→ **Material provided**:
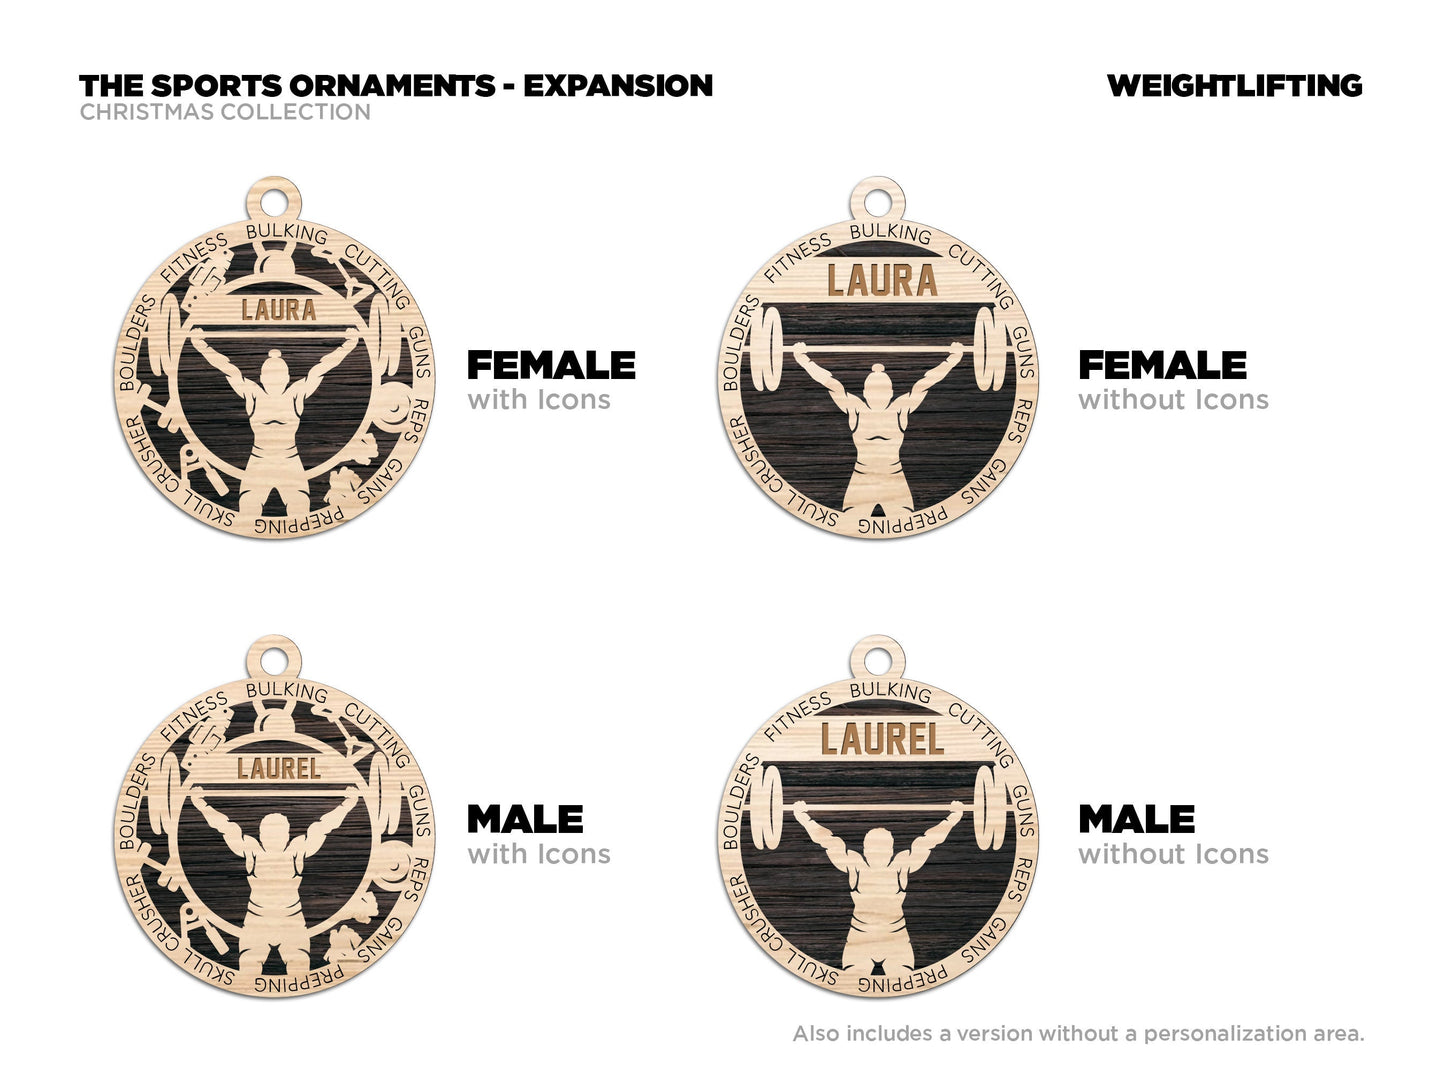 Weight Lifting - Stadium Series Ornaments - 4 Unique designs - SVG, PDF, AI File Download - Sized for Glowforge
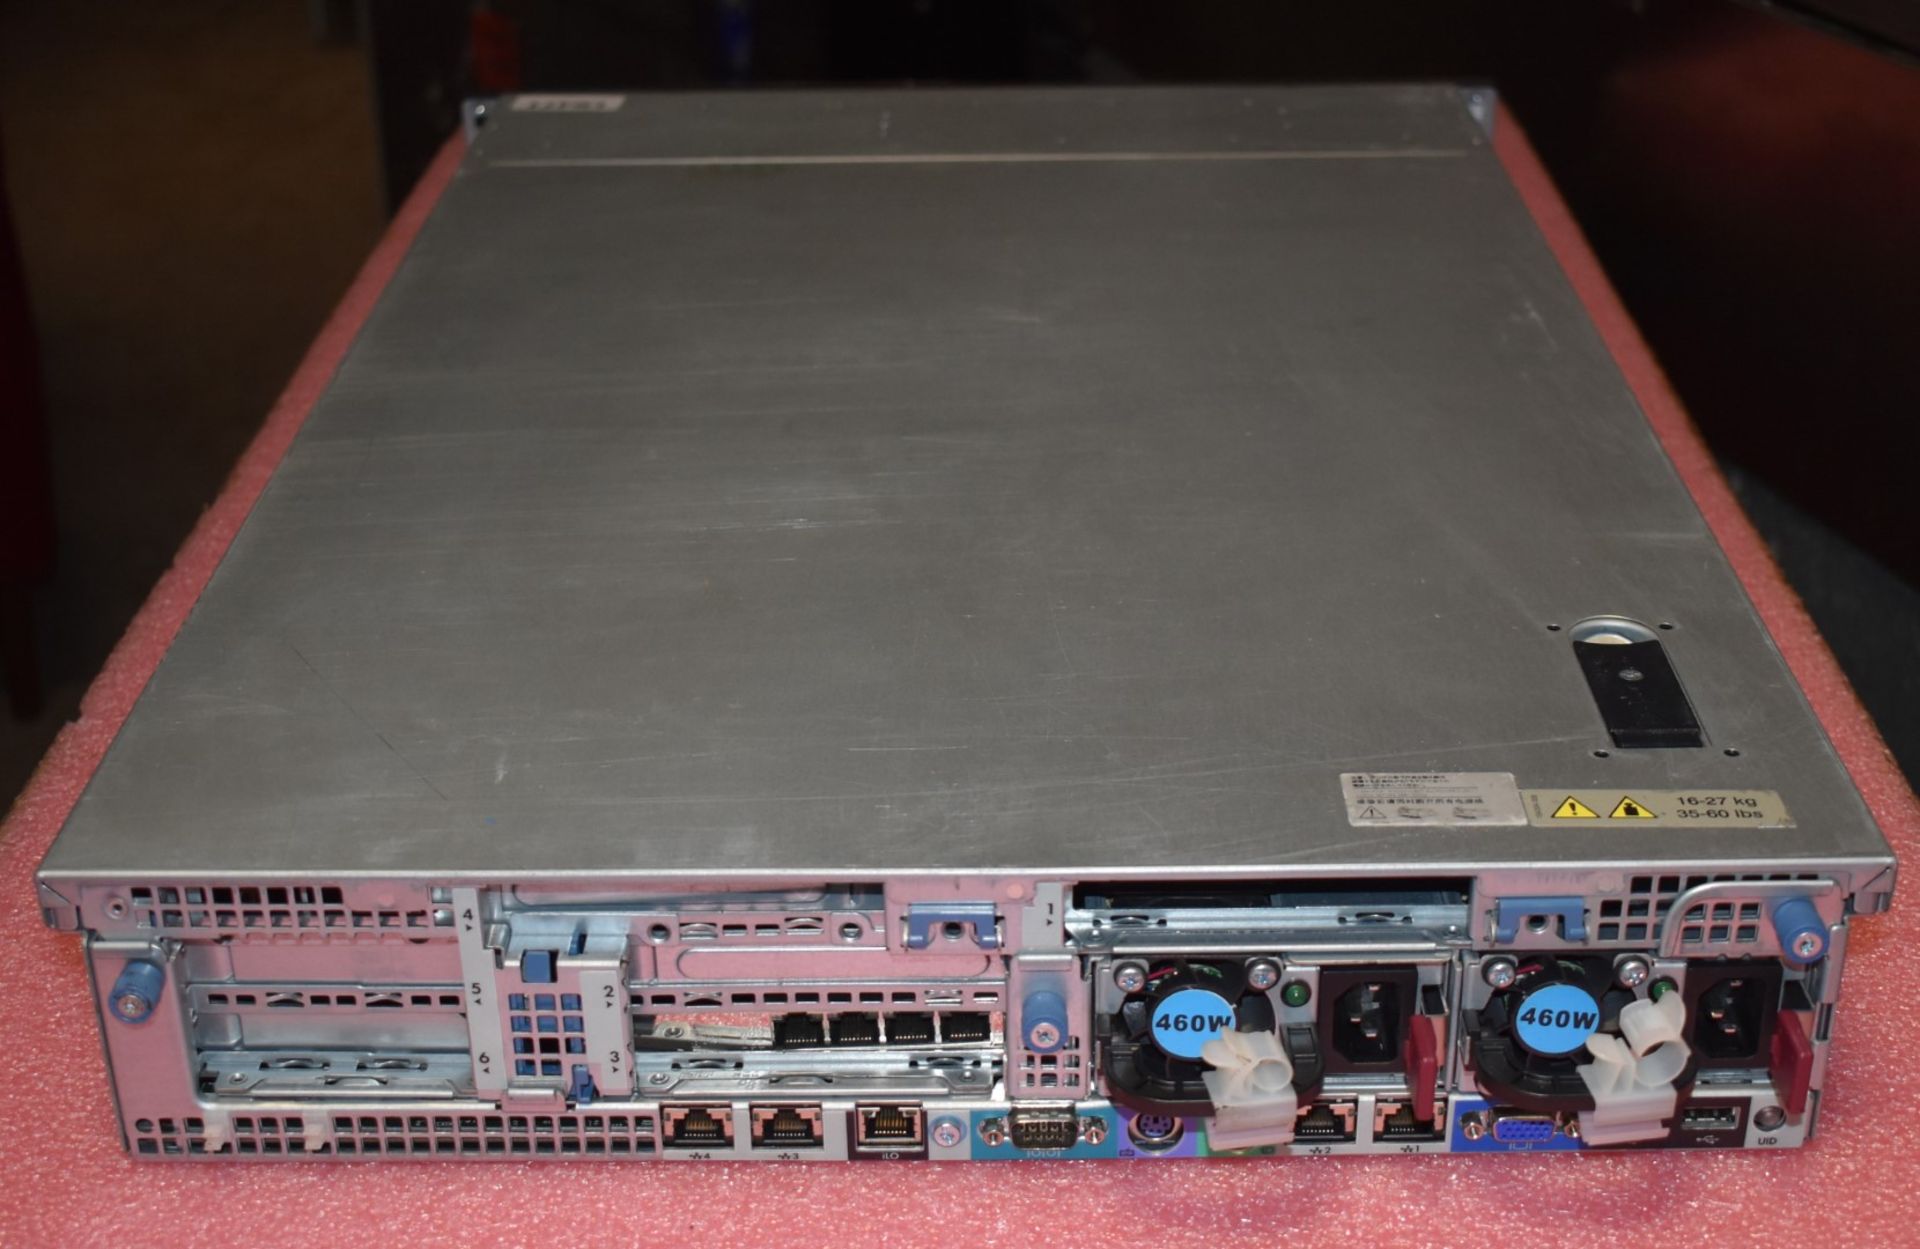 1 x HP ProLiant DL380 G7 Server With 2 x Intel Xeon X5650 Six Core 3.06ghz Processors and 92gb Ram - - Image 4 of 8
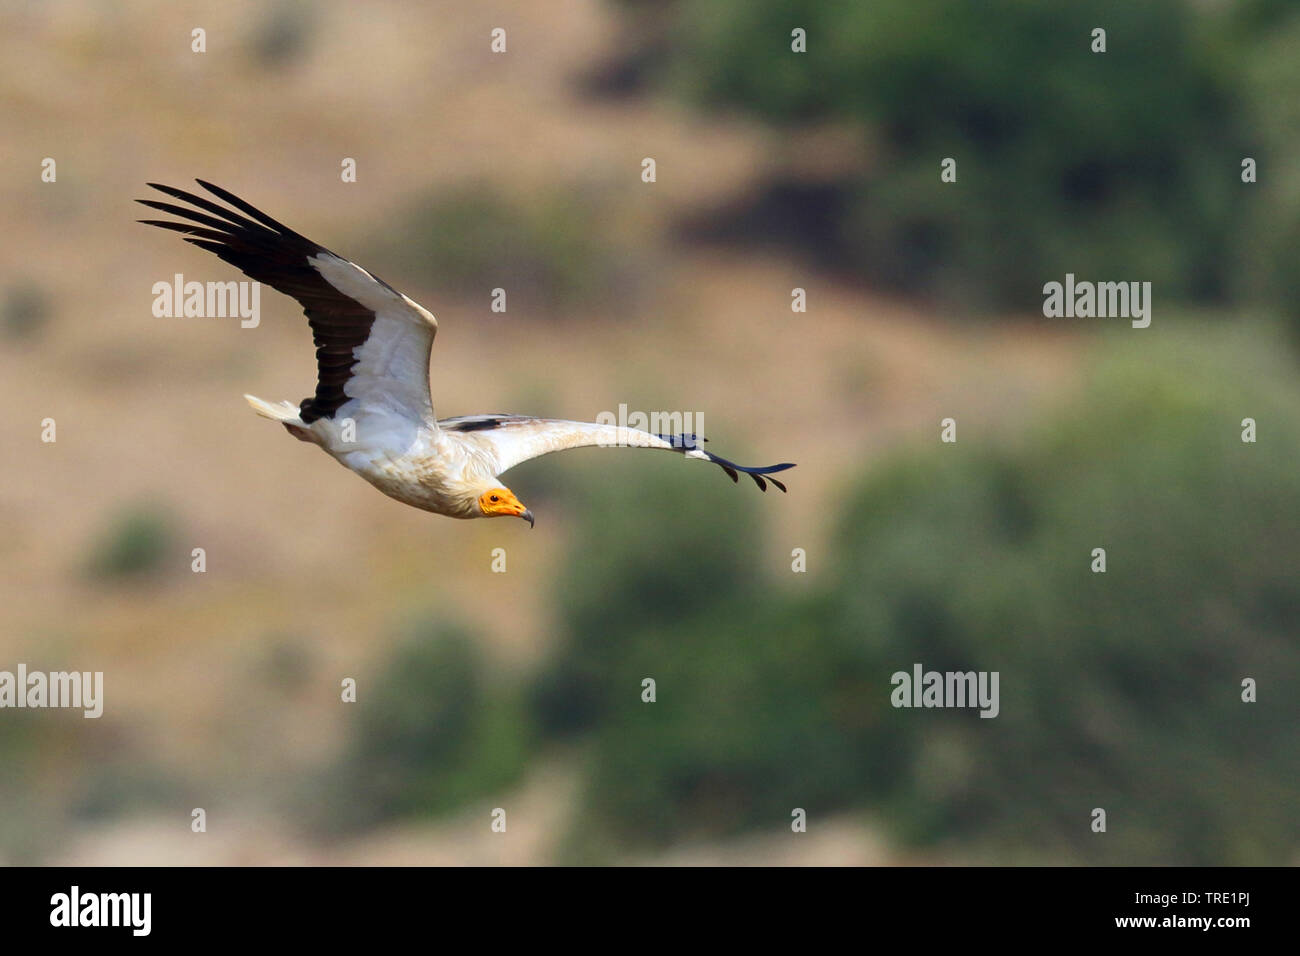 Egyptian vulture (Neophron percnopterus), flying, Spain, Andalusia Stock Photo

→ **Problem description**: Please keep every line of the data the same when you reproduce it, and keep every picture out.

→ **Response area**:
 Weight Lifting - Stadium Series Ornaments - 4 Unique designs - SVG, PDF, AI File Download - Sized for Glowforge
 1 x HP ProLiant DL380 G7 Server With 2 x Intel Xeon X5650 Six Core 3.06ghz Processors and 92gb Ram - - Image 4 of 8
 Egyptian vulture (Neophron percnopterus), flying, Spain, Andalusia Stock Photo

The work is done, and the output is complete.